Esmvaltool: large differences in resources between iris 1.13 and iris 2.0

Created on 30 Apr 2018 · 31Comments · Source: ESMValGroup/ESMValTool

Hey guys, @mattiarighi has noticed that the same run done with different versions of iris raises differences in effective run times. He called iris as the root cause. So I decided to run some systematic tests to see first if iris is indeed the problem and not some variation in the transition python 2.7 -> python 3.6 environment, and second, observe by how much we are losing in resources due to iris version change. Here are my results (the pdf file, 3 slides), done for different configurations of the run with either iris 1.13 or iris 2.0. To summarize:

iris version is indeed the problem, replacing iris 2.0 in the python 3.6 environment gives the same memory and times as for iris 1.13 in a python 2.7 environment; it is actually faster (well, one test only so don't trust it 100%) to have iris 1.13 in python 3.6;
the resources taken by using iris 2.0 (both memory and time) are much higher than the ones using iris 1.13; this is a major problem when dealing with large numbers of models and heavy operations like masking and multimodel analyses; in fact, on average, the times double for these operations and @mattiarighi has already encountered cases of running out of memory;

@bjlittle is this because of the change from biggus to dask? Have you guys at the MO noticed these issues as well compared to iris 1.XX? And most importantly, what do you recommend us to do -- eg pin iris 1.17?
Iris2_Issue.pdf

help wanted iris

Source

valeriupredoi

Most helpful comment

@nielsdrost and I discussed this issue and we feel that the really important issues at the moment are the issues that prevent us from doing the v2 alpha release, see this project for a list. Even if iris 2 uses more resources, we are still much faster than ESMValTool V1. Therefore I would suggest not spending too much time on this now, but instead focus on getting our first release out.
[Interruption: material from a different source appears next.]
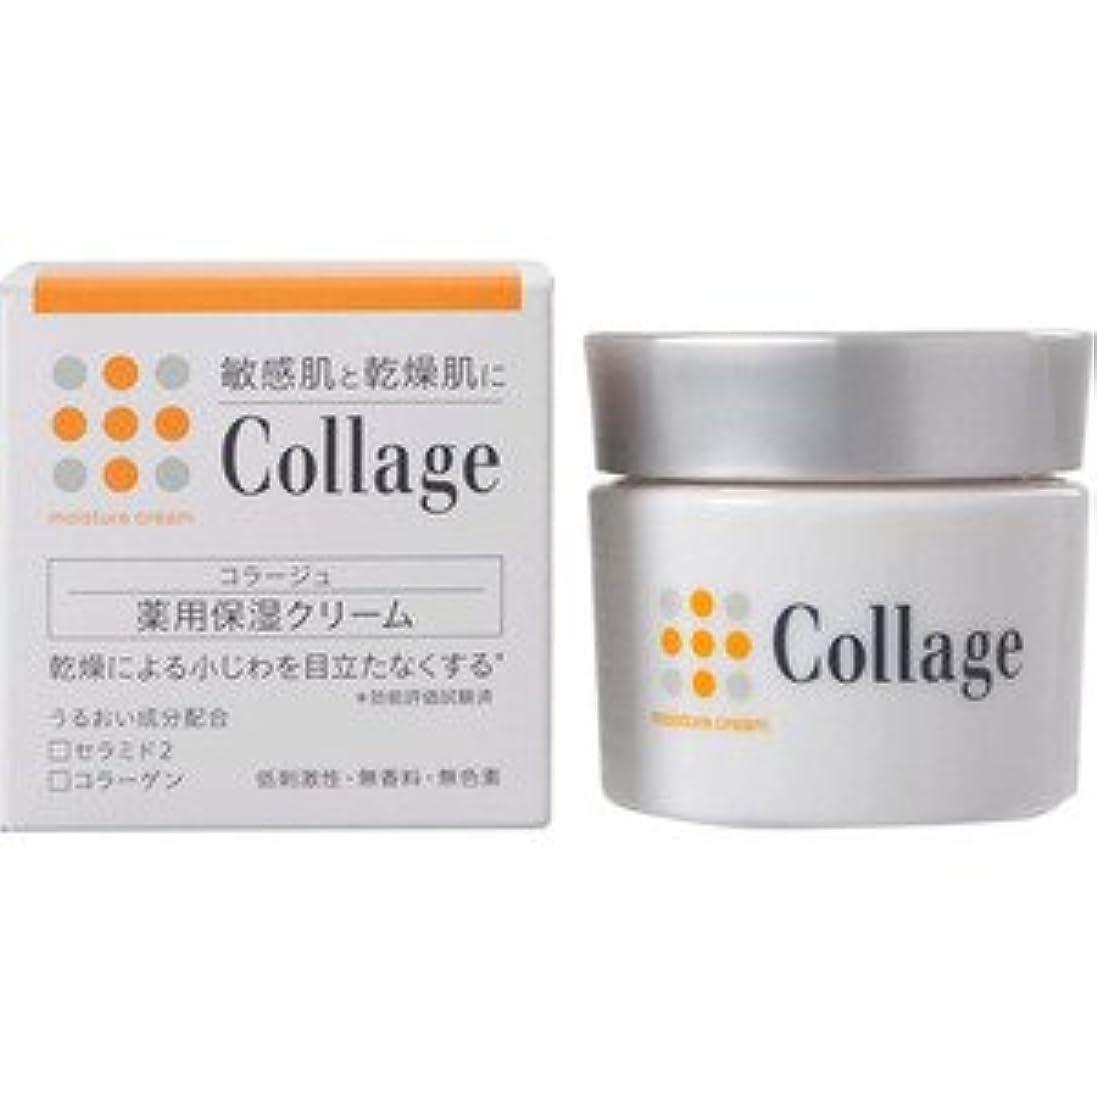 ヒープアセお世話になったコラージュ 薬用保湿クリーム 30g×2【持田ヘルスケア】【4987767661452】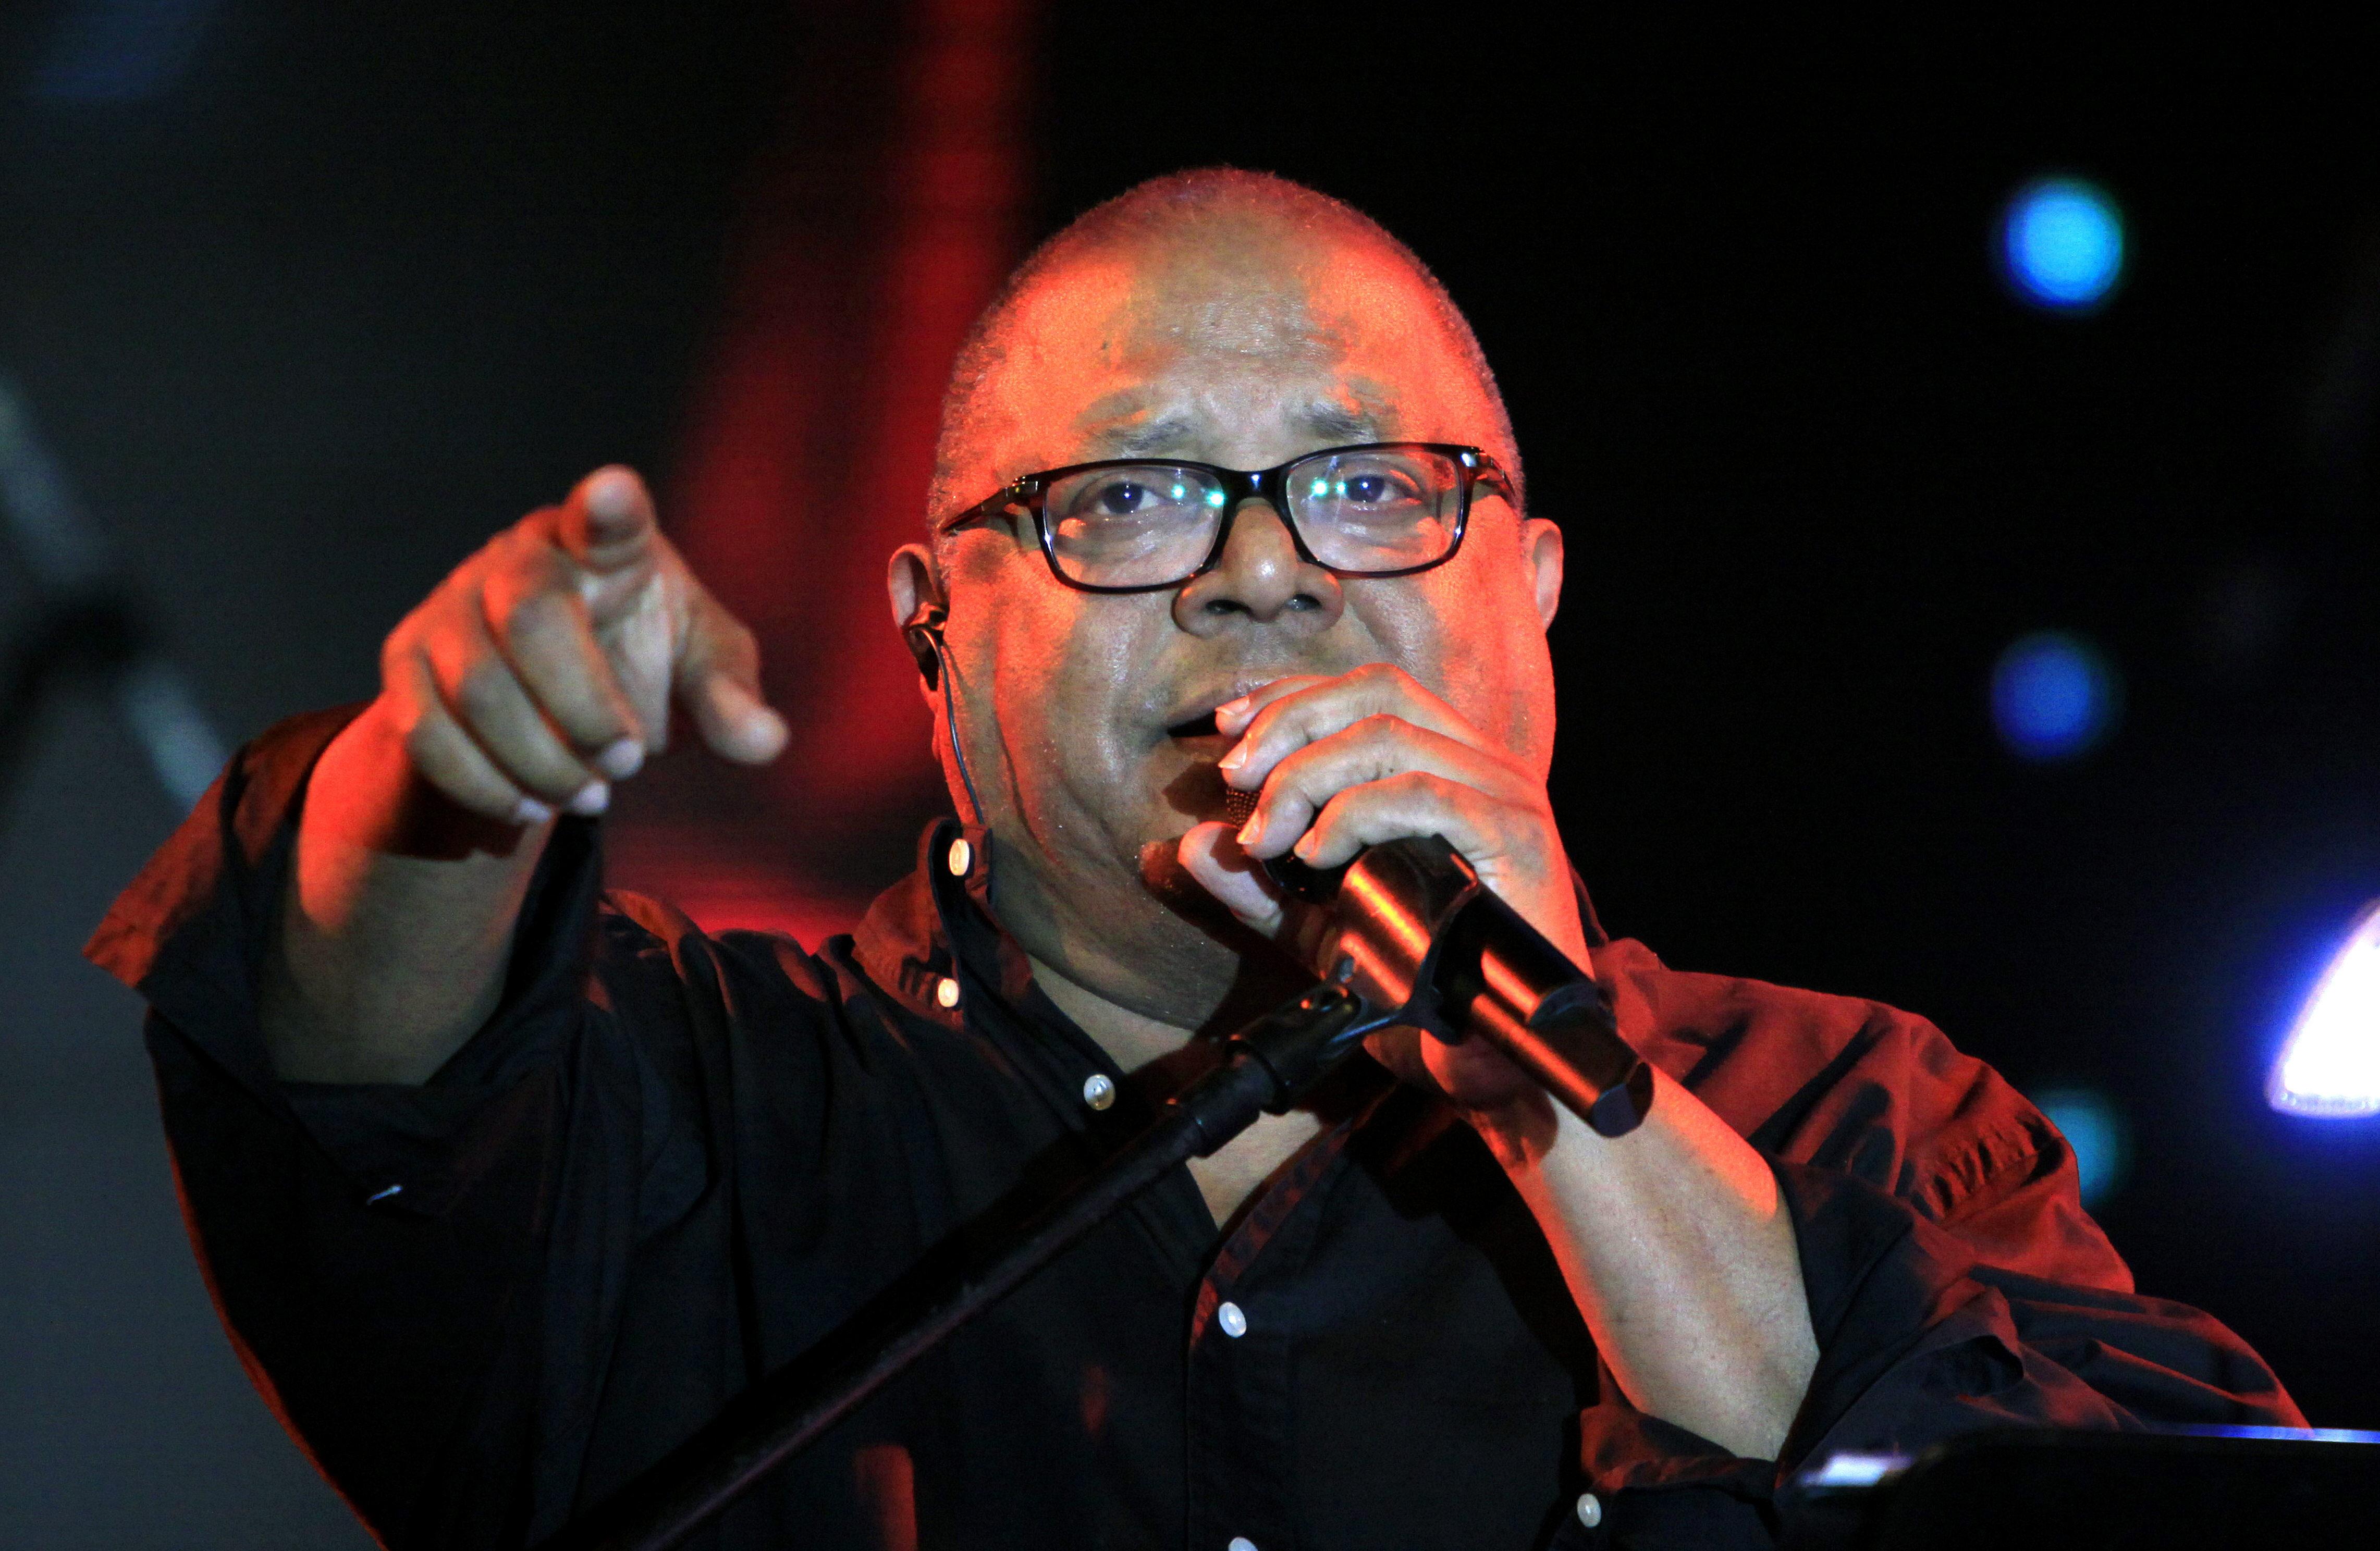 El cantautor cubano Pablo Milanés dice que cuida su voz con métodos ancestrales

So far we've done very little on optimizing the code for memory usage and runtime, apart from trying to write decent code. After we have the minimum required set of features implemented and a reasonable set of diagnostics working, we can go and see if we can make the implementation more efficient, because then it will also be clear where the bottlenecks are (if any). If you start optimizing too early, you run the risk of spending a lot of time optimizing something that turns out to be not important after all.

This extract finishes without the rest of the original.